Created under the 1993 Education Reform Act, charter schools are intended to be laboratories of innovation. Seventy-one operate fully independently of local school systems, while 10 run as so called in-district schools.

Charter schools rarely employ unionized teachers and often have extended school days. Many have among the highest MCAS scores in the state, but a handful have closed because of low achievement or financial problems.

Half of the eight proposals are for independent charter schools. Those include the Academy for the Whole Child Charter School in the Fitchburg area; the International Academy Charter School for the Chicopee-Springfield area; New Heights Charter School of Brockton; and Weetumuw Wopanaak Charter School, which would be open to students from Hull to Cape Cod.

The other four proposals are for in-district charter schools in Springfield, Salem, or Boston.

That there are two in-district proposals for Boston is surprising. Just last week, school officials presented only one proposal for an in-district charter school to the School Committee and never mentioned publicly a second proposal.

The one presented involved having the Dudley Street Neighborhood Charter School in Roxbury take over the running of the Dearborn STEM Academy, an underperforming middle school.

According to the state press release, the second proposal is to let UP Academy Charter School run another school, which would be their fourth site in Boston. The state said it is automatically advancing this proposal to the finalist stage, under new rules implemented this year, because it is considered an expansion of an existing network of schools.
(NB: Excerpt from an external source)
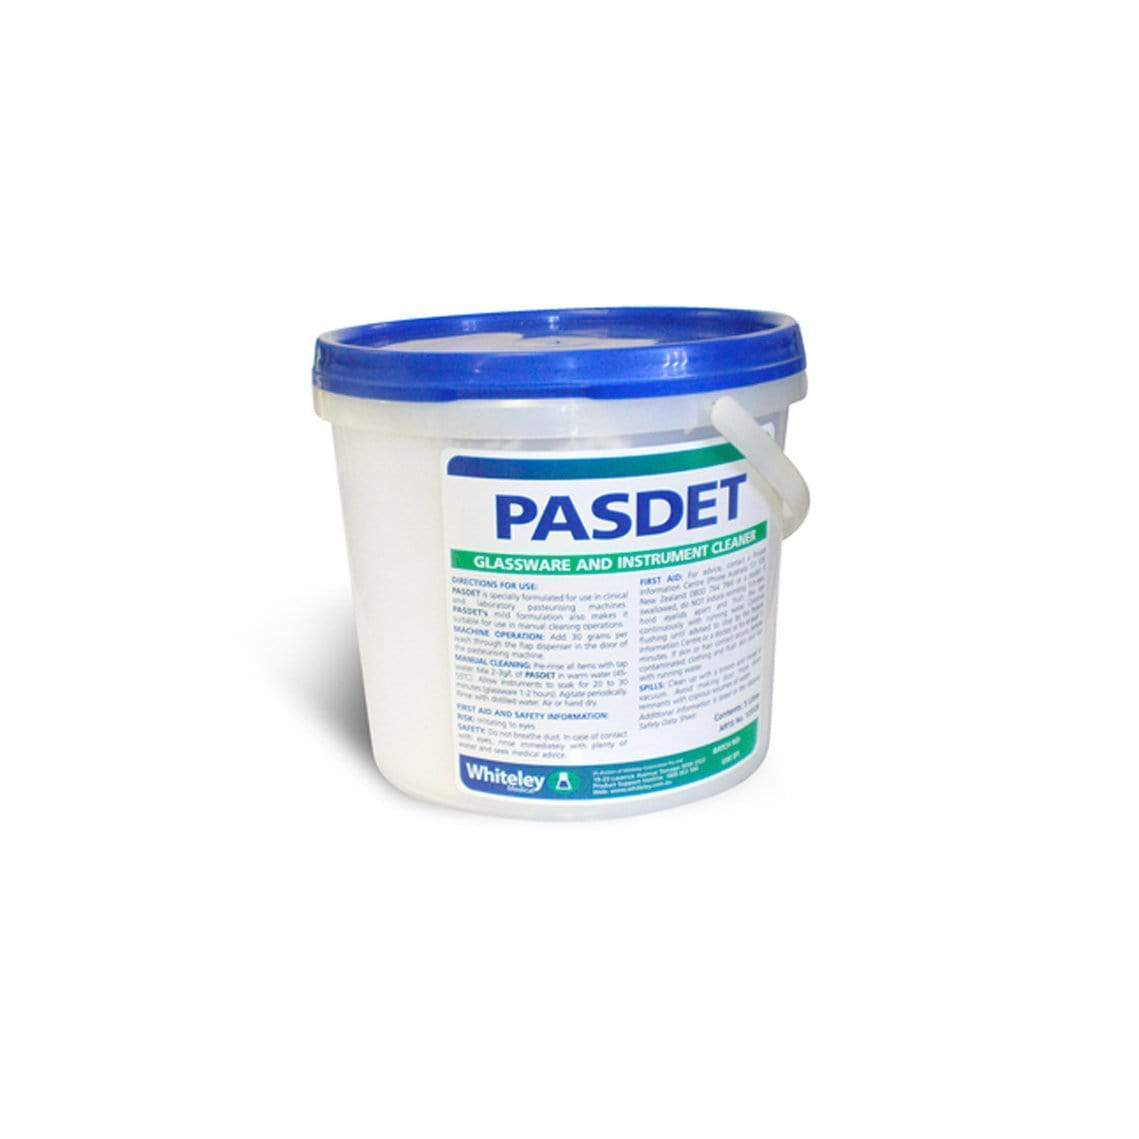 Pasdet Machine Instrument Cleaner Powder

Details on the UP proposal are vague. According to the state, the new UP charter school could serve up to 800 students and it could either be an elementary school, a K-8 school, or a middle school.

In an interview Friday, Interim Superintendent John McDonough described the UP application as a place holder in case the district needs to tap UP to help turn around a low-achieving schools. He emphasized that no school has been identified.

“Anything that would move forward would be well discussed in public before a decision is made,” he said.

The School Department notified the School Committee about the UP application on June 27.

UP academies are run by UP Education Network , a nonprofit school-turnaround group. It’s also working with Springfield on its in-district charter school proposal.

“As a nonprofit, our focus is on restarting low-performing schools and transforming them into high-performing schools as rapidly as possible,” said Scott Given, UP’s chief executive.

Richard Stutman, president of the Boston Teachers Union, said he was unaware of the UP proposal. He said he opposes both in-district charter school proposals for Boston.

“It shows the School Department lacks confidence in its own ability to run a school,” Stutman said. “I don’t think it speaks well for the department.”

The state Board of Elementary and Secondary Education will vote on the finalists in February. Most could open in 2015.